[GOAL OF THE EXERCISE]
Each line in the material below, starting at the one that contains "Nam ca sĩ thể" and ending at the one that contains "Pelikan 238205 - A3", should be repeated exactly; the pictures should not.

[MATERIAL FOR THE TASK]
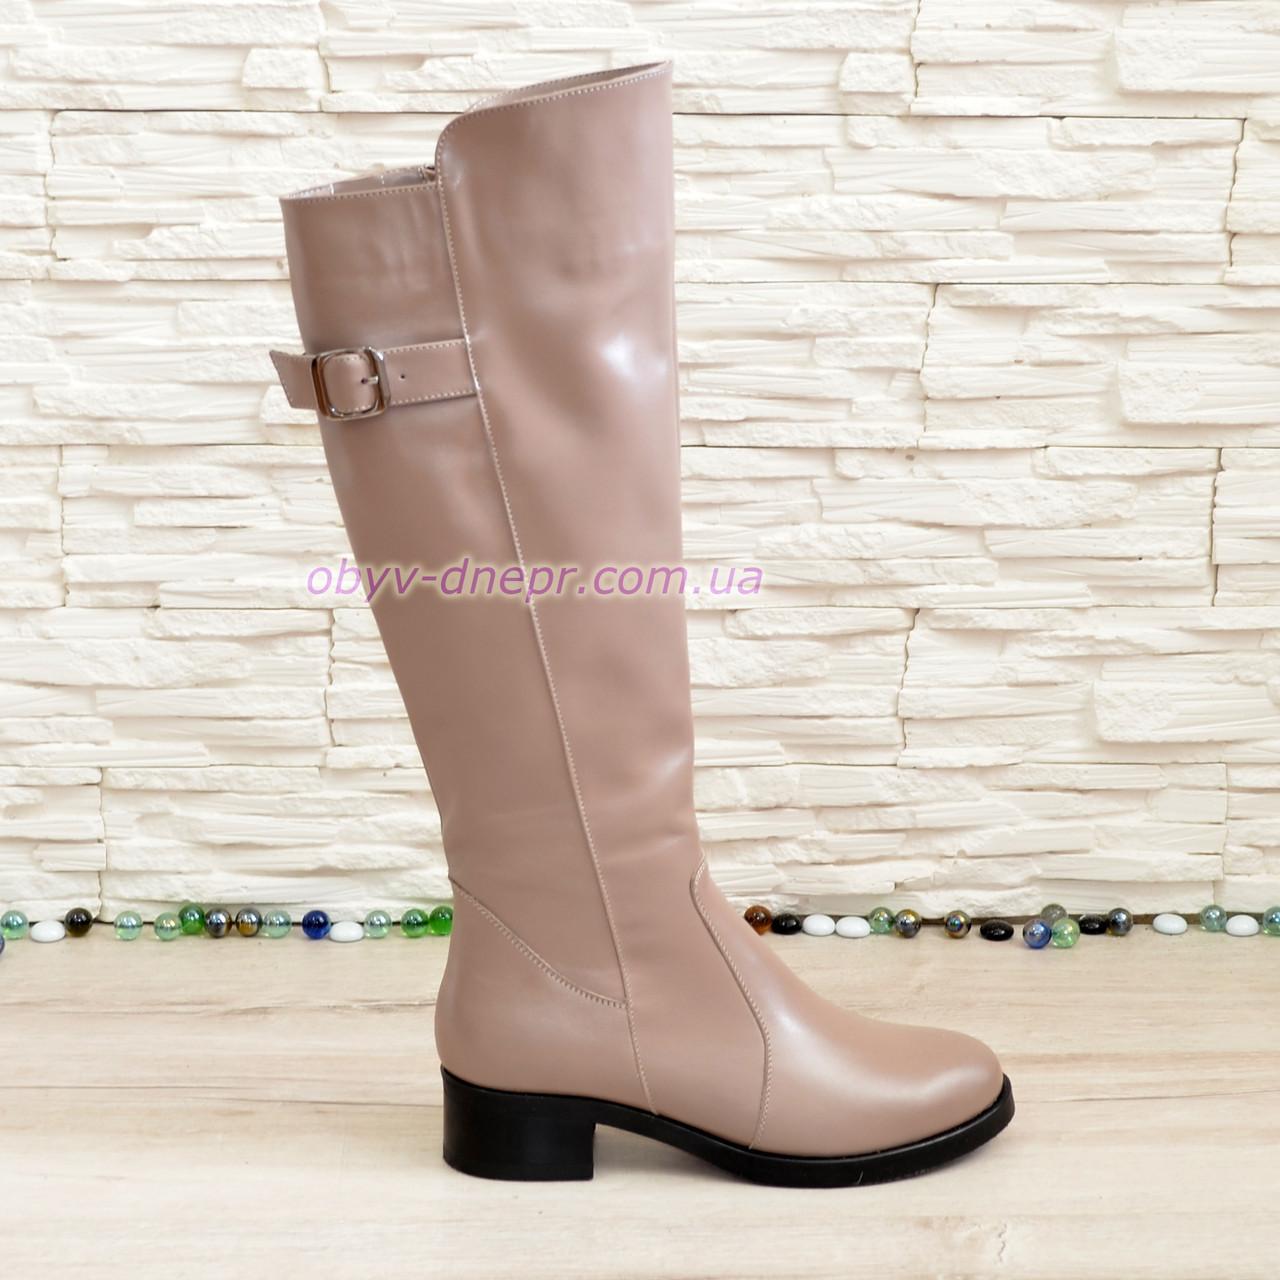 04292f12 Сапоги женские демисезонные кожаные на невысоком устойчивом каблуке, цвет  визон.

==

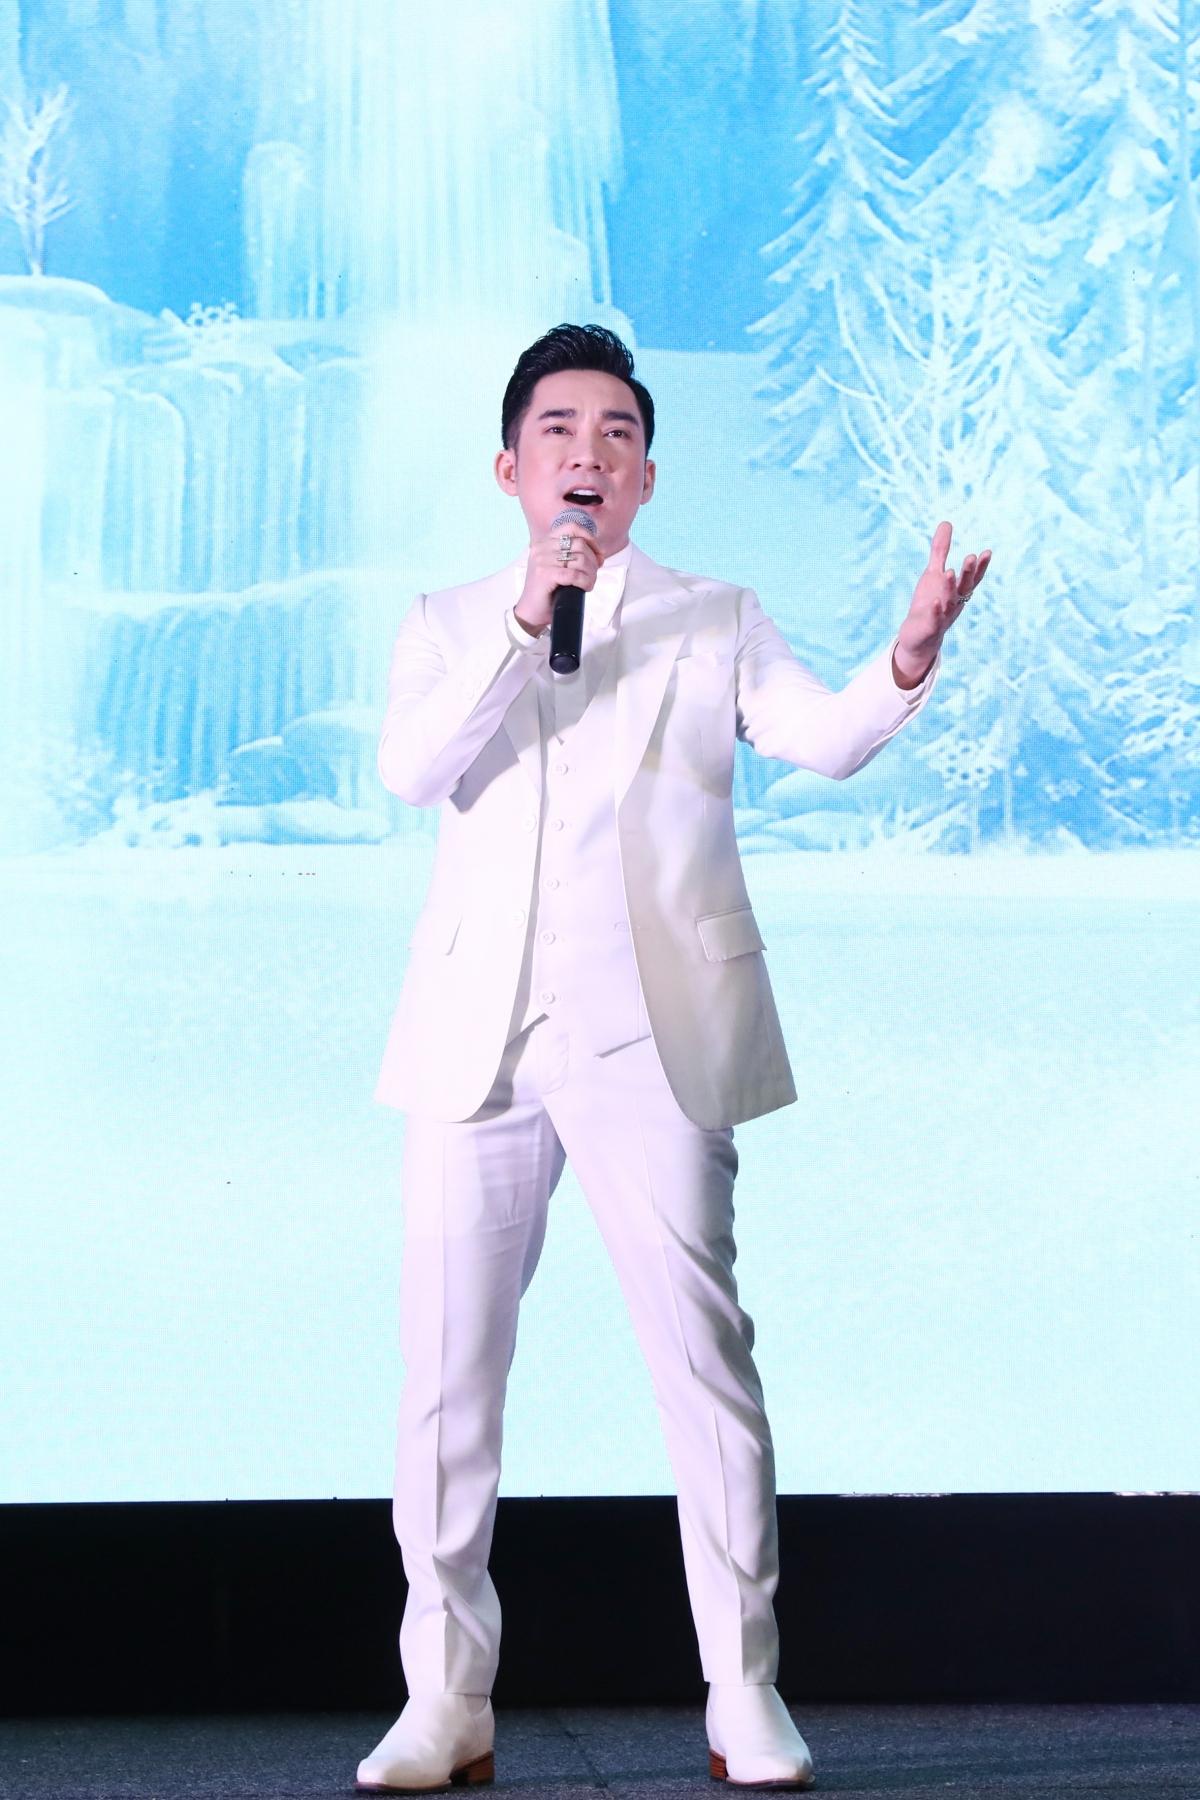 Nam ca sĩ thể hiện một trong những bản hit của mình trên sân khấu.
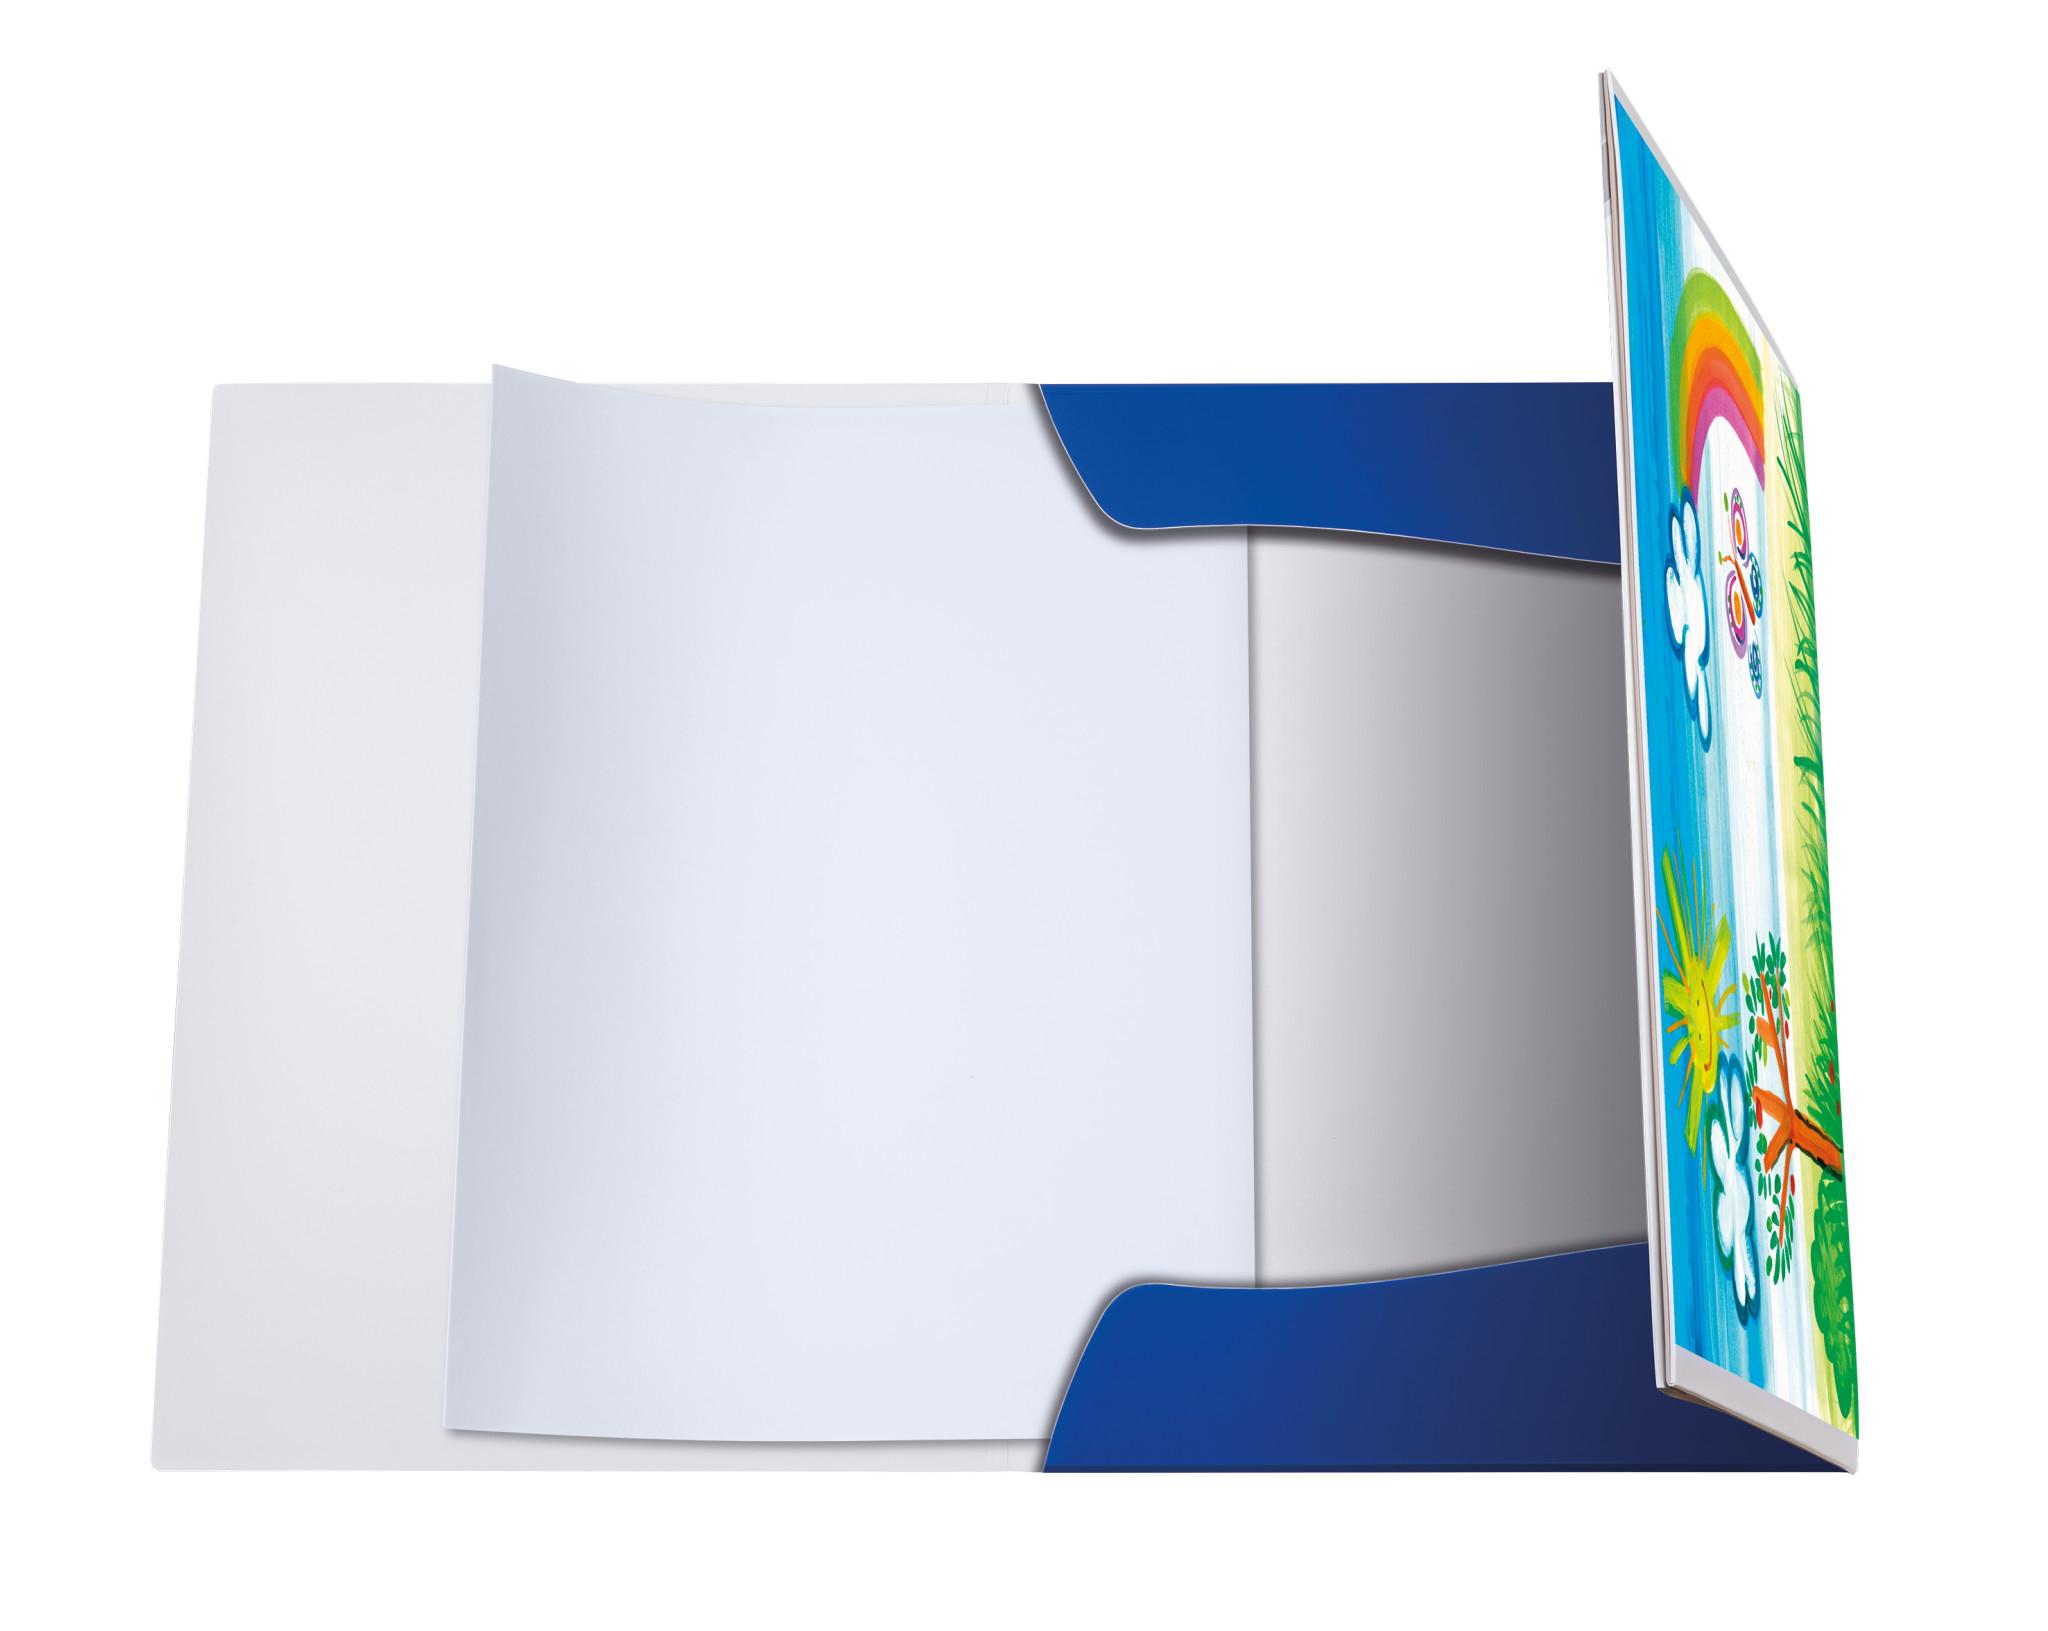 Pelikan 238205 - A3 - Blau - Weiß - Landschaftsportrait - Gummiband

==

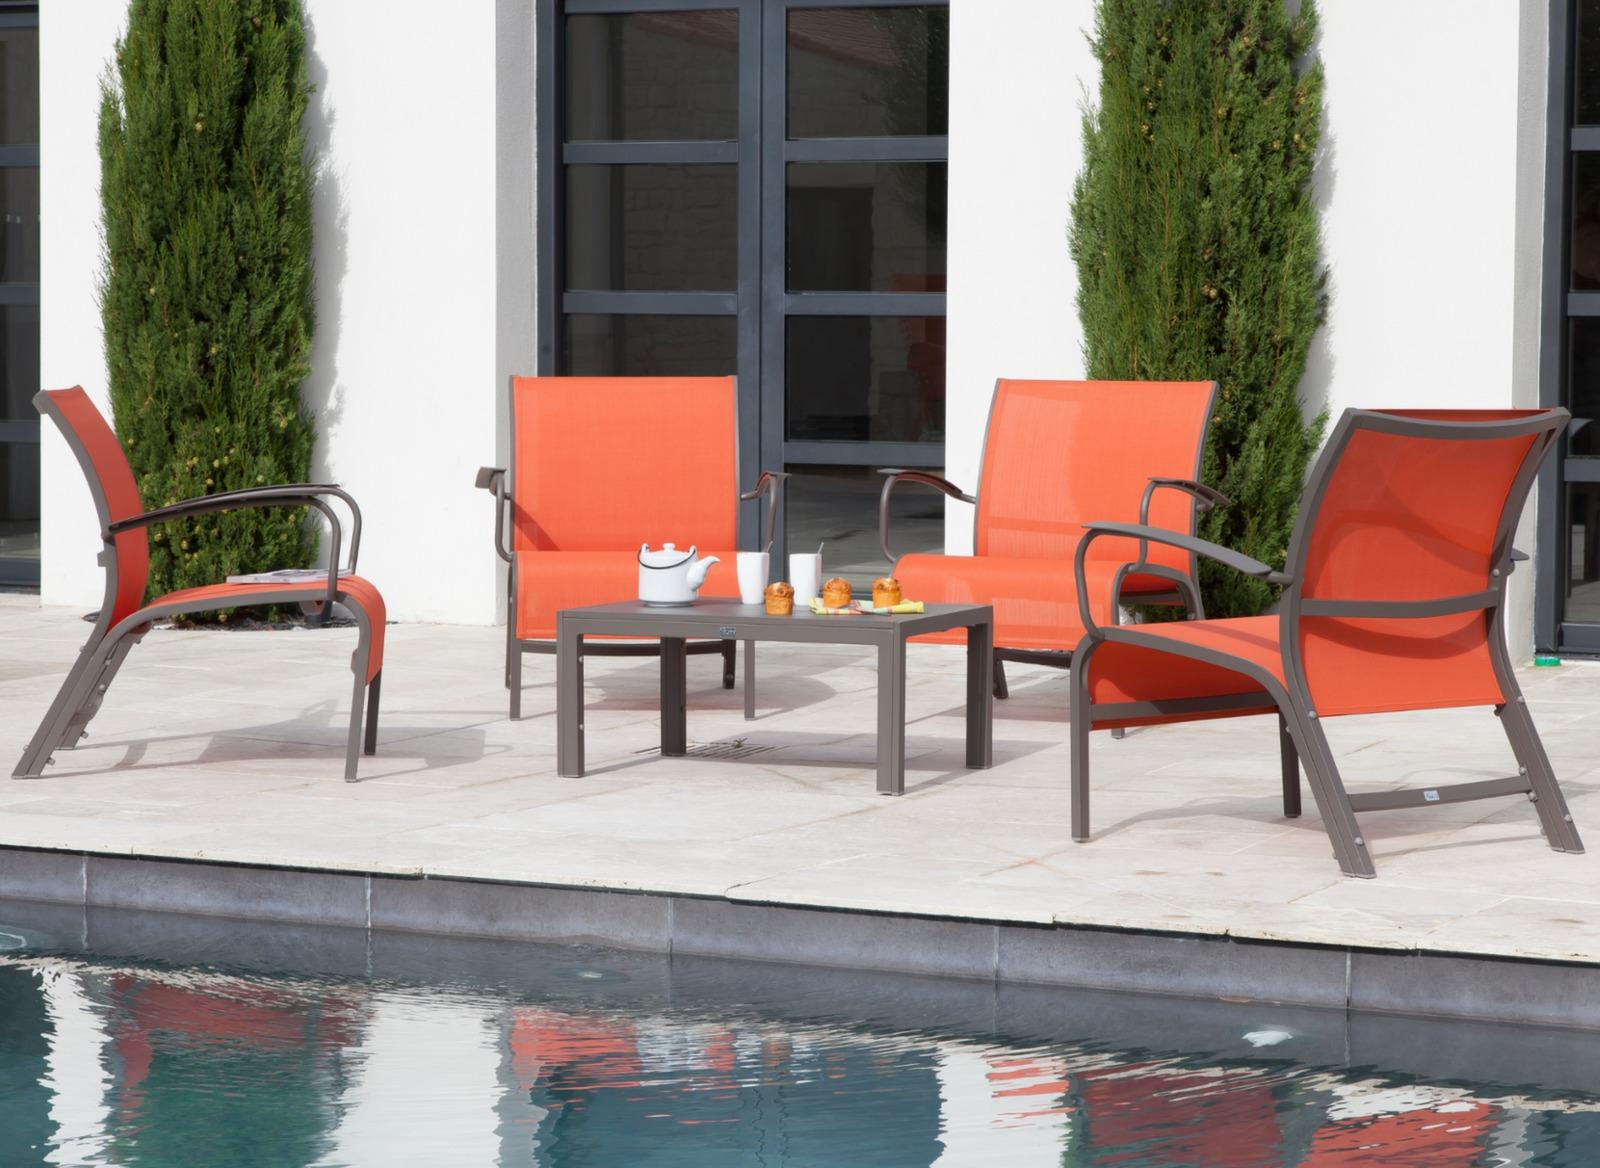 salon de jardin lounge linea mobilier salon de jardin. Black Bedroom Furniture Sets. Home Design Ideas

[EXPECTED ANSWER]
 Nam ca sĩ thể hiện một trong những bản hit của mình trên sân khấu.
 Pelikan 238205 - A3 - Blau - Weiß - Landschaftsportrait - Gummiband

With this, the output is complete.